На исходе дня | страница 39
— Посоветуйтесь с профессором. — Наримантас не осмелился ответить прямо, как было решил, ввалившись в черный автомобиль Казюкенаса, а затем в его кабинет и даже позже — уловив свое отражение в зрачке стеклянного глаза. Он намеревался не только ответить, но и пойти дальше, скинуть этот тяжкий груз со своей шеи — отказаться оперировать! — вот ради чего поехал сюда. Его отказ не имел бы ничего общего со злобой, местью или завистью — необходимость самому делать операцию навалила бы на него огромную, непосильную ответственность.
— Нет, только не с профессором! — Казюкенас рубанул по столику ребром ладони, точно отметая все то ложное и фальшивое, что опутывало его. — Помните, милый доктор, — он вдруг улыбнулся жалко и искренне, что совершенно несвойственно было теперешнему Казюкенасу, а его мертвый глаз сверкнул зло и подозрительно, — помните? Не выходит у меня из головы тот «вечный твид». Я к нему… а он…
— Ну, кто не без слабостей…
— Нет, нет! Когда лет десять назад мы познакомились, его мой галстук заинтересовал, потом пришлось вести к моему портному, рекомендовать парикмахеру…

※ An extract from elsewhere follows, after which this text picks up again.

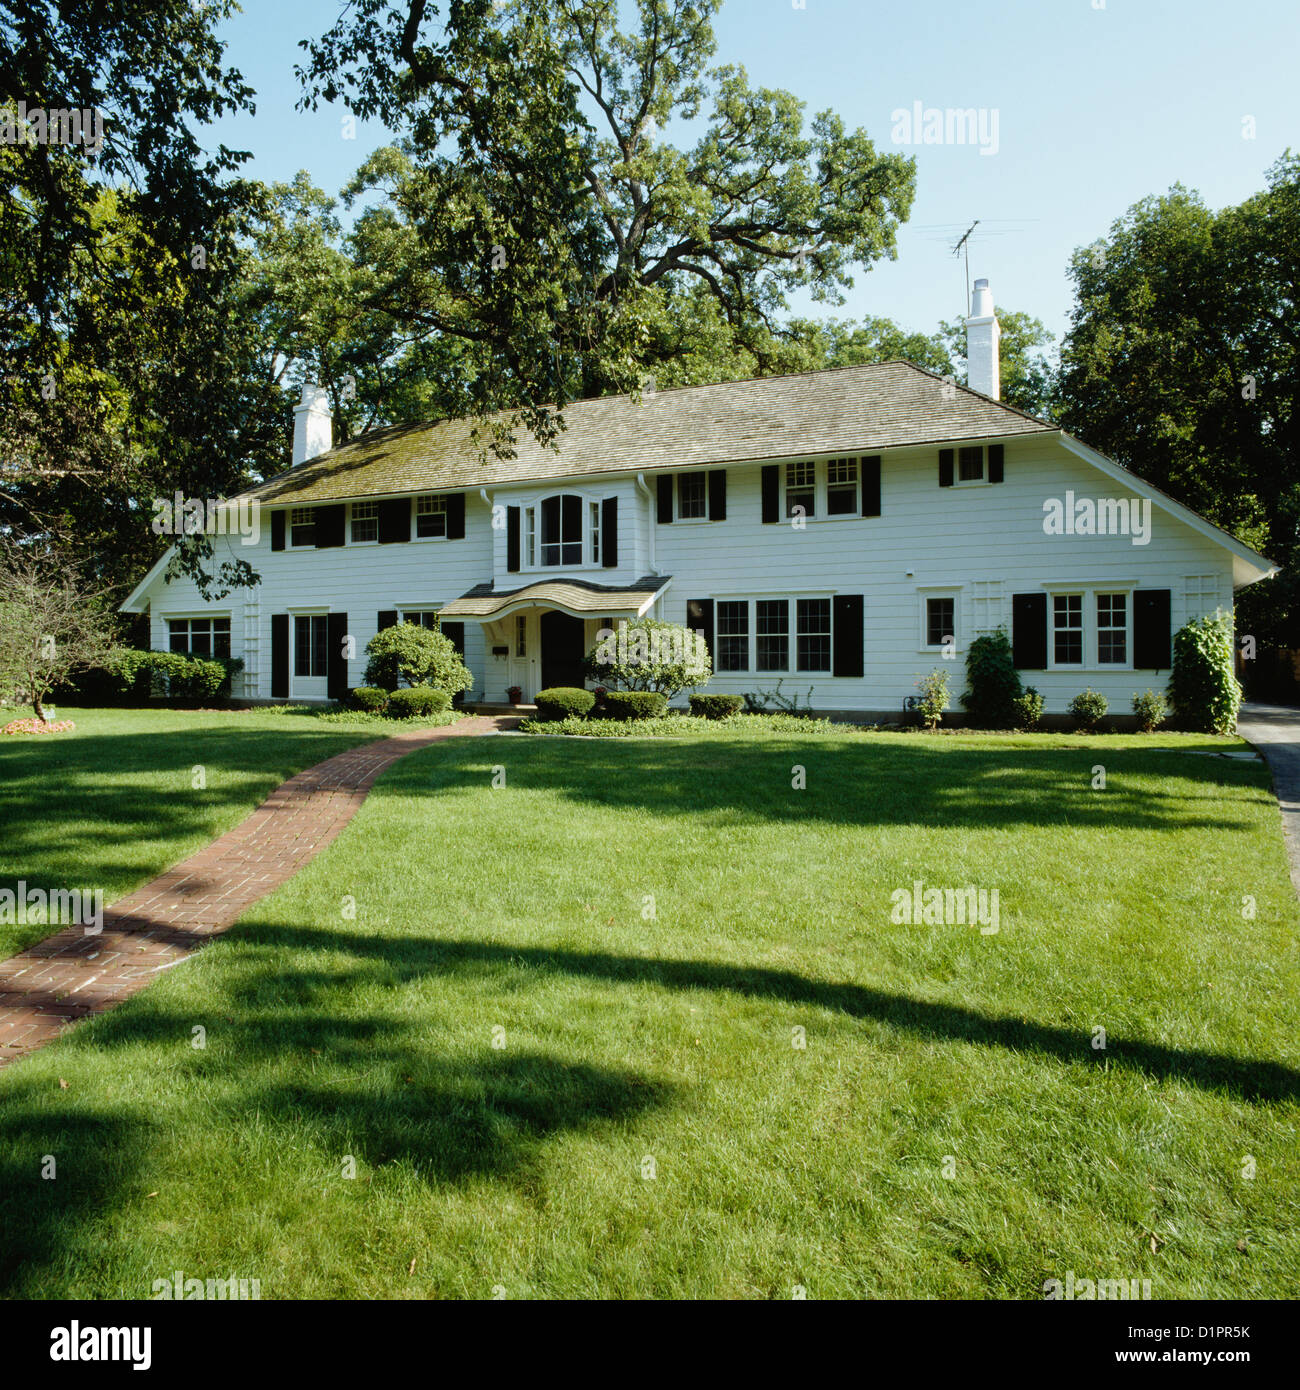 Exteriores: gran simétrico elegante marco blanco house, gran césped delantero con pasarela de ladrillo Foto de stock
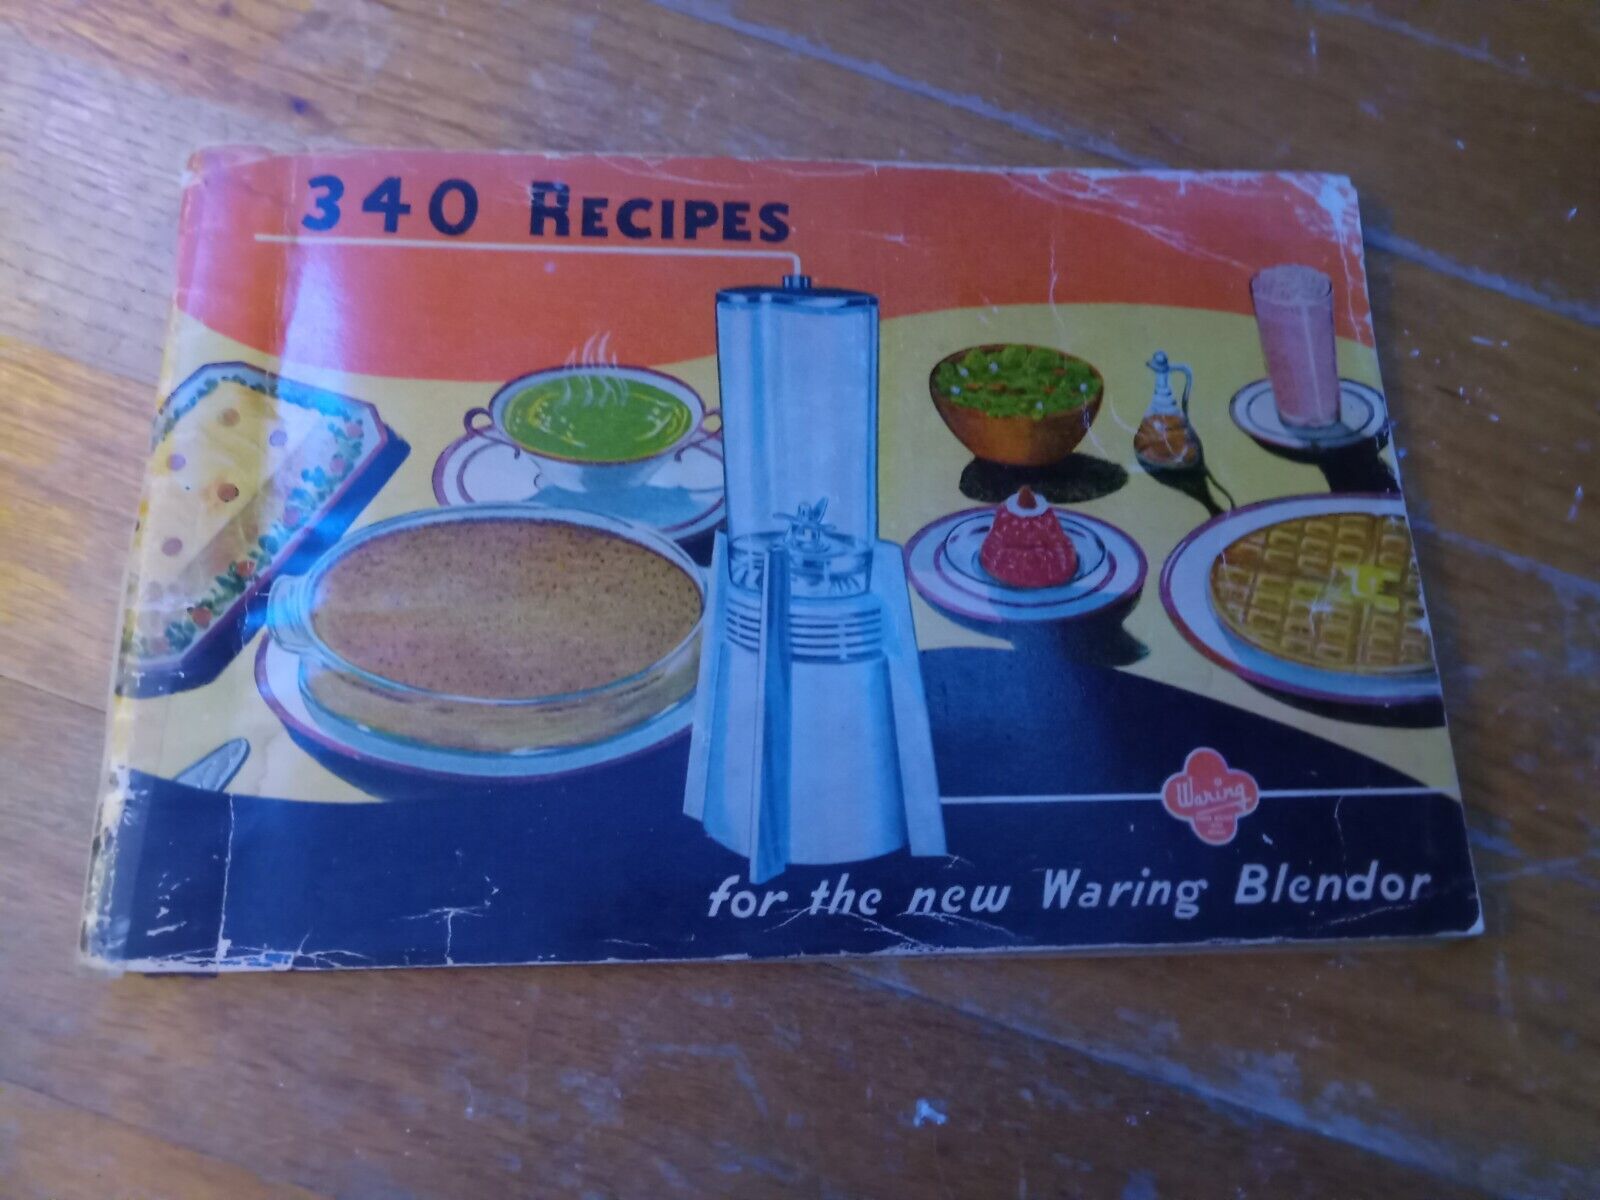 Vintage 1947 Waring Blendor 340 Recipes for the Waring Blendor

— И врачи — люди. Я уже говорил вам о своем старом профессоре, так он при обходе любил напевать: «Пять литов>[1], пятьдесят… Еще пять литов, пятьдесят…» Некоторые больные обижались, — Наримантас даже удивился, как вдруг стало ему интересно беседовать с Казюкенасом. — А слышали бы вы, о чем во время операции хирурги болтают…
— Ну что вы, доктор! Это понятно, когда делом занят, углубился в работу… А тут я сомневаться начал. И знаете, в чем?
— В чем же? — Наримантас подобрался, стараясь отделаться от обволакивающего обаяния этого человека, все сильнее его привлекавшего. Оказалось, что он не туп и не надутый индюк, чего опасался Наримантас и чего даже хотел, готовясь к визиту. Уперся бы — нет! — и вся недолга.
— Вот вы специалист, не сомневаетесь ли в нем как в специалисте?
— Сомневаться можно в любом враче. Дело в том, что терапевты…
— Я говорю о профессоре, только о нем! — голос Казюкенаса окреп, в нем зазвучали властные нотки, даже захваченный, сбитый с ног неожиданной болезнью, он не научился еще смягчать тон, искать смиренные слова. И тем не менее желание искренне высказать свои сомнения трогало.
— В мою компетенцию не входит аттестация профессора. — Наримантас качнулся вперед, словно сейчас, немедленно встанет и прервет разговор, движимый не столько этикой медицинской солидарности, сколько пугавшим его предчувствием, что Казюкенас, сомневающийся и пытающийся выяснить истину, куда опаснее, чем Казюкенас, вторящий профессору.